■ Excerpted data
__________
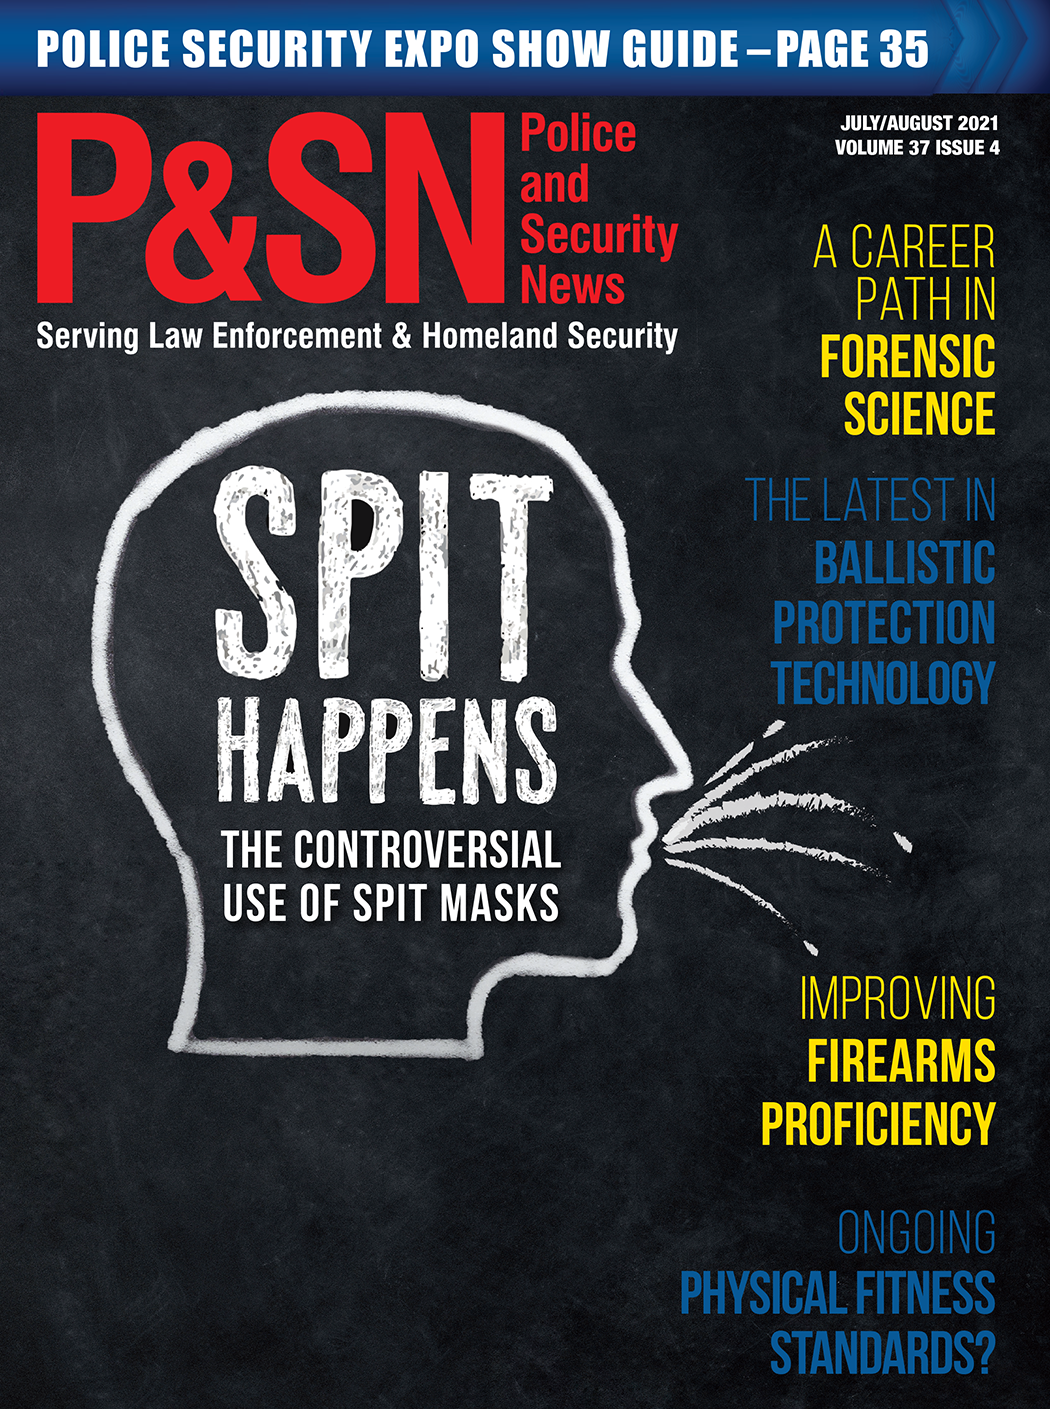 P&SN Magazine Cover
__________
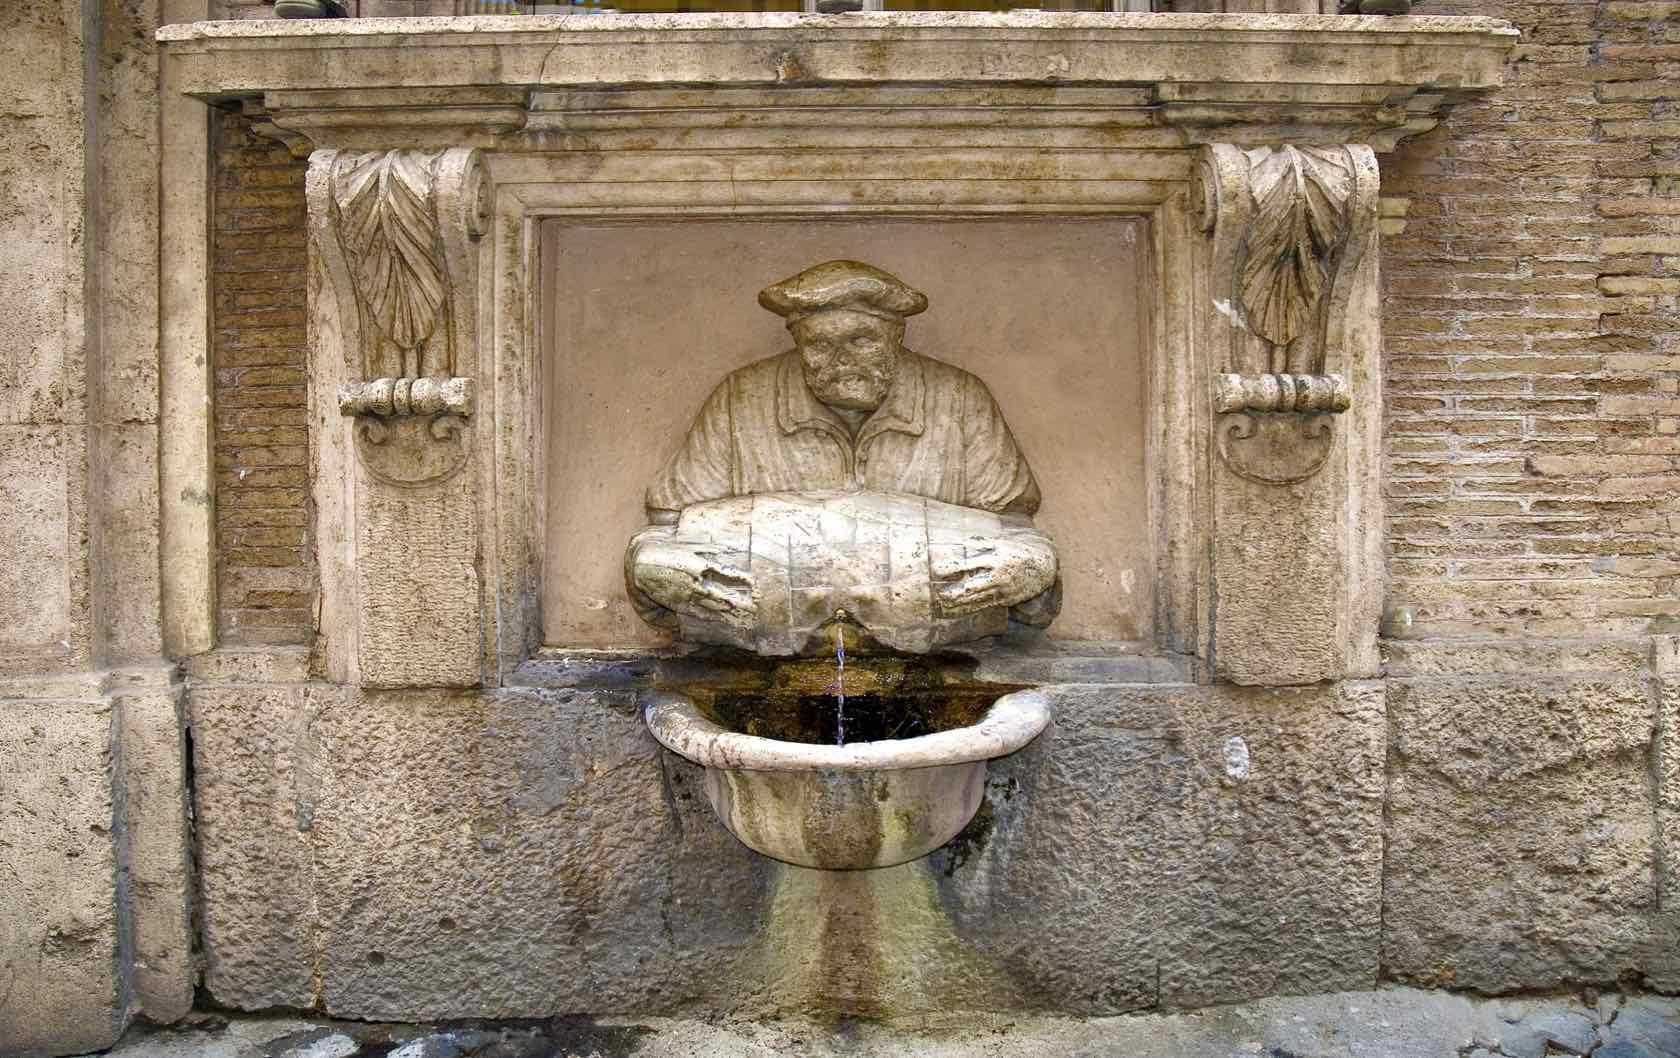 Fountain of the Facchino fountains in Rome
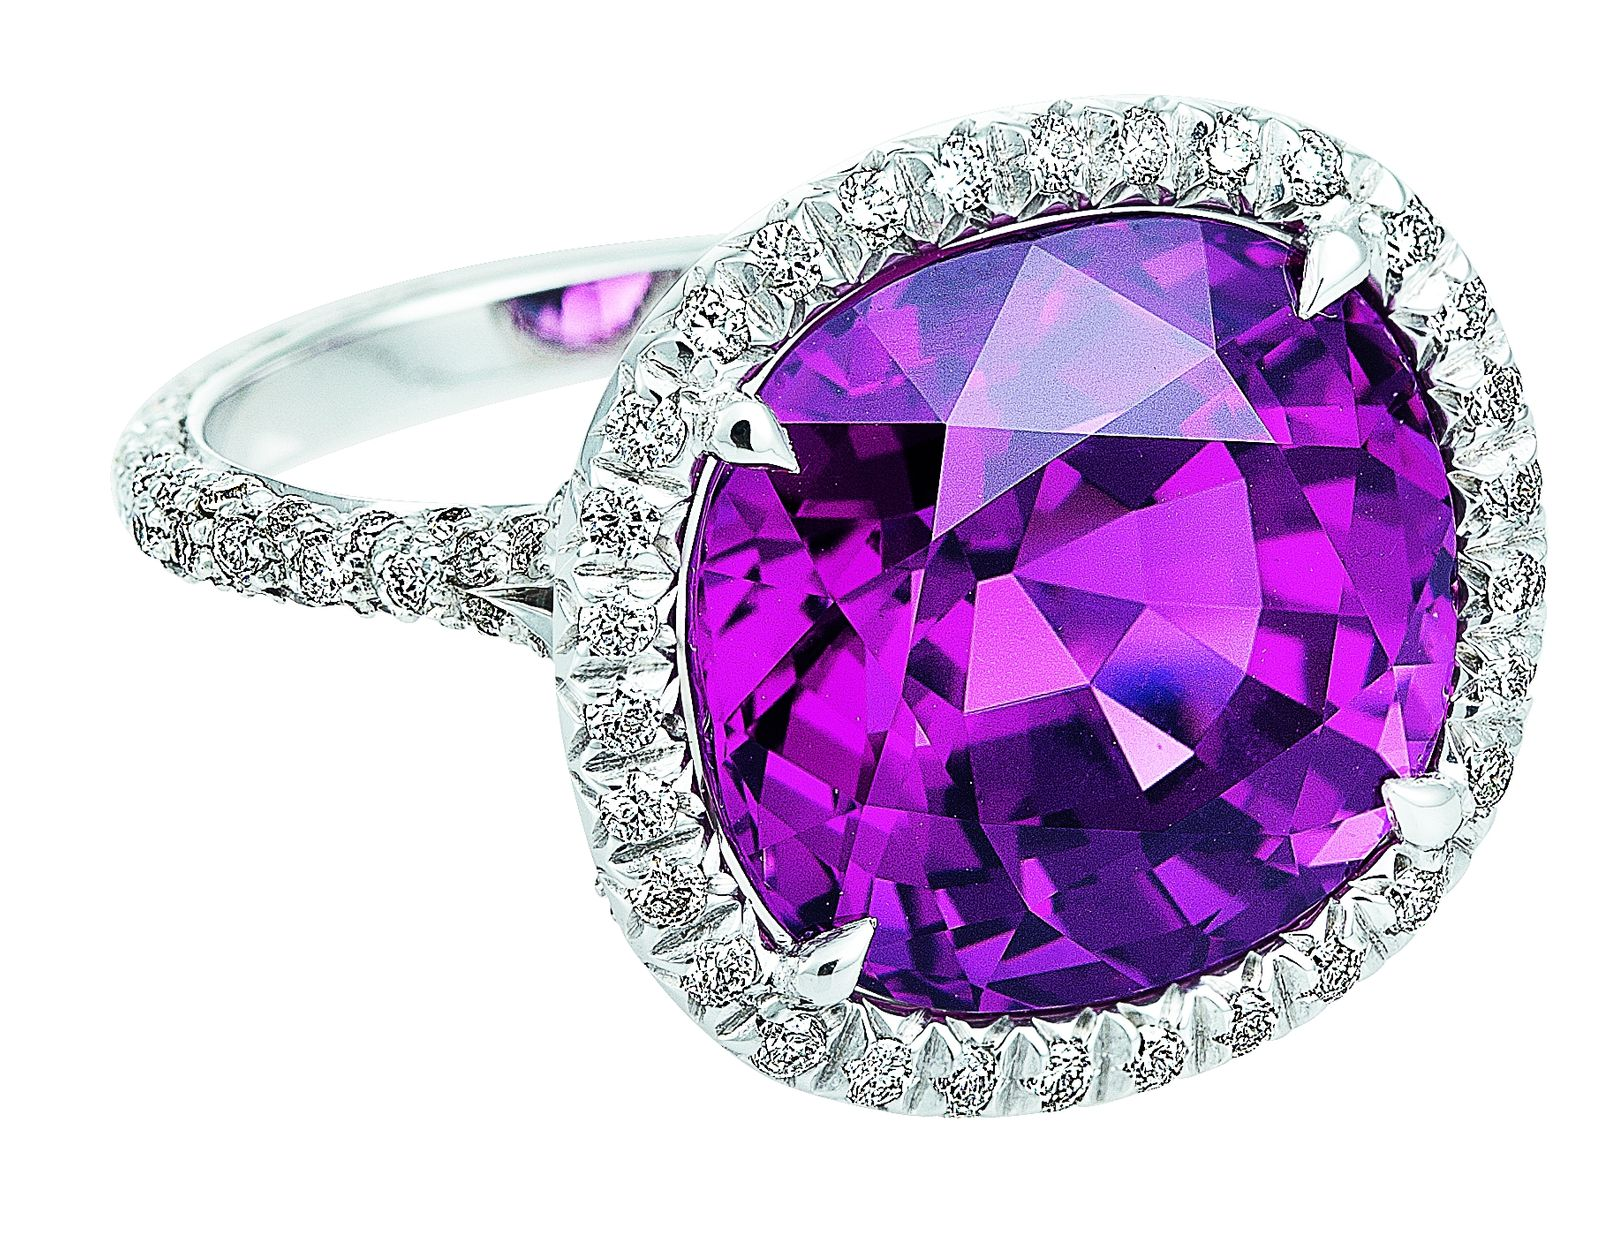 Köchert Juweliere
__________
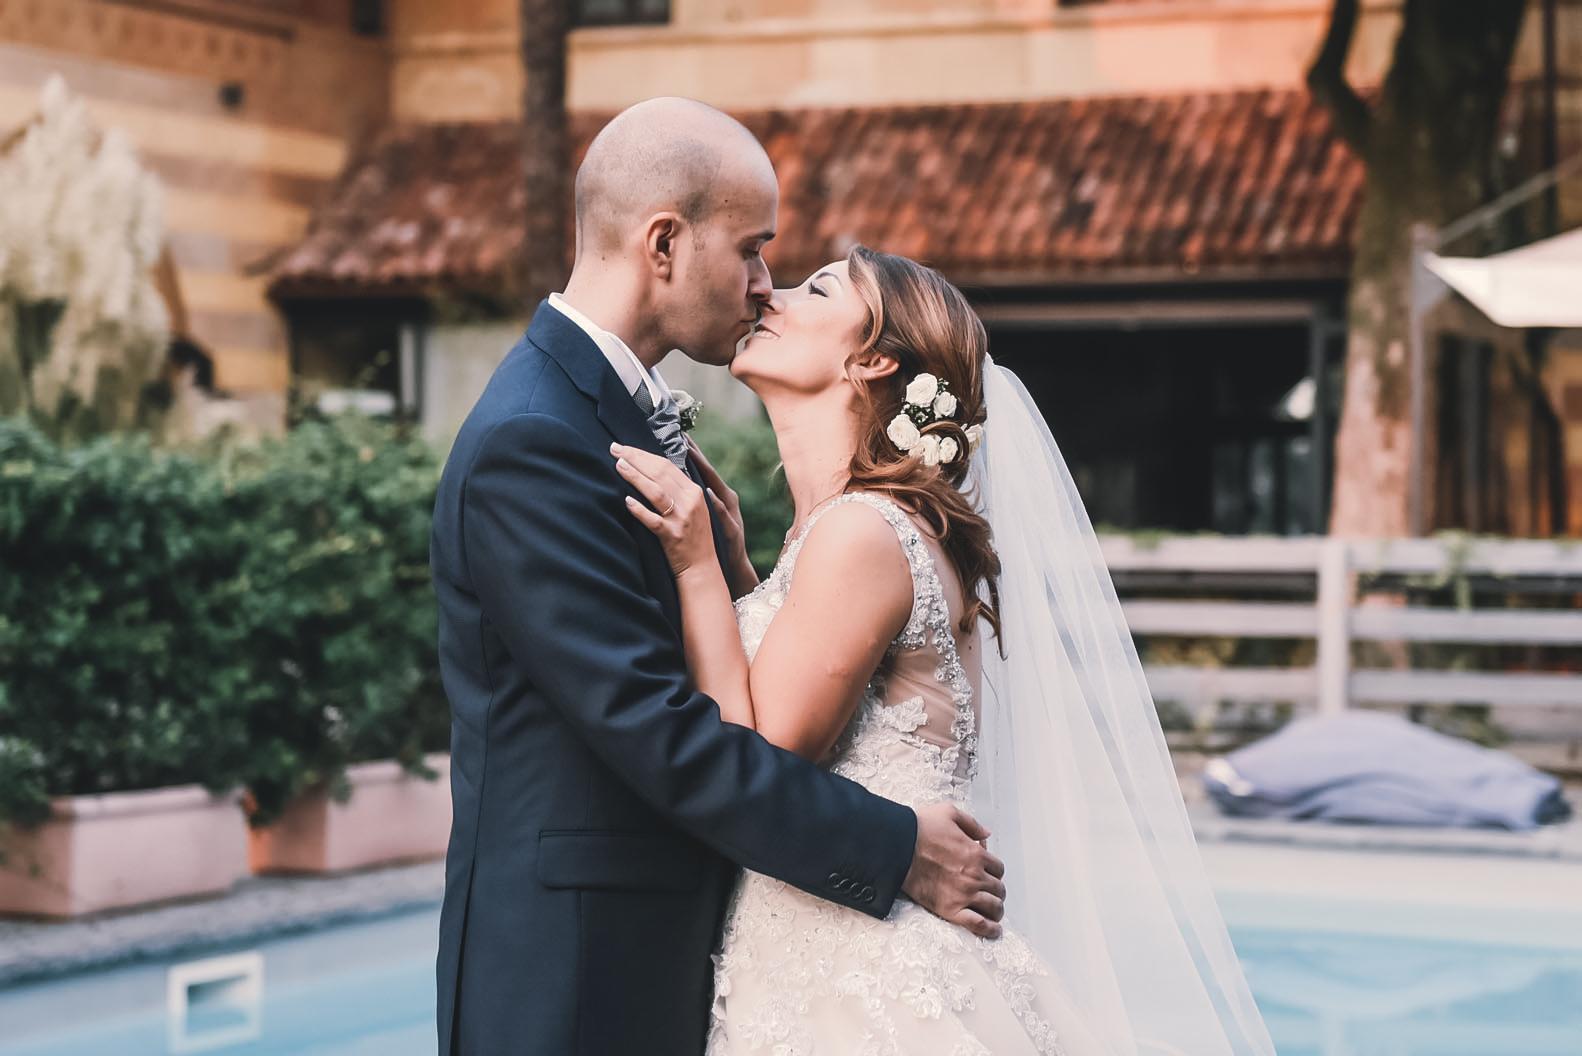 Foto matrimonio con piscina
__________
■ Requirement
In the listing above, find the line with "Fountain of the Facchino fountains in Rome" and output it and every line after it up to and including the line with "Köchert Juweliere", exactly, minus the pictures.

■ Result for this task
 Fountain of the Facchino fountains in Rome
 Köchert Juweliere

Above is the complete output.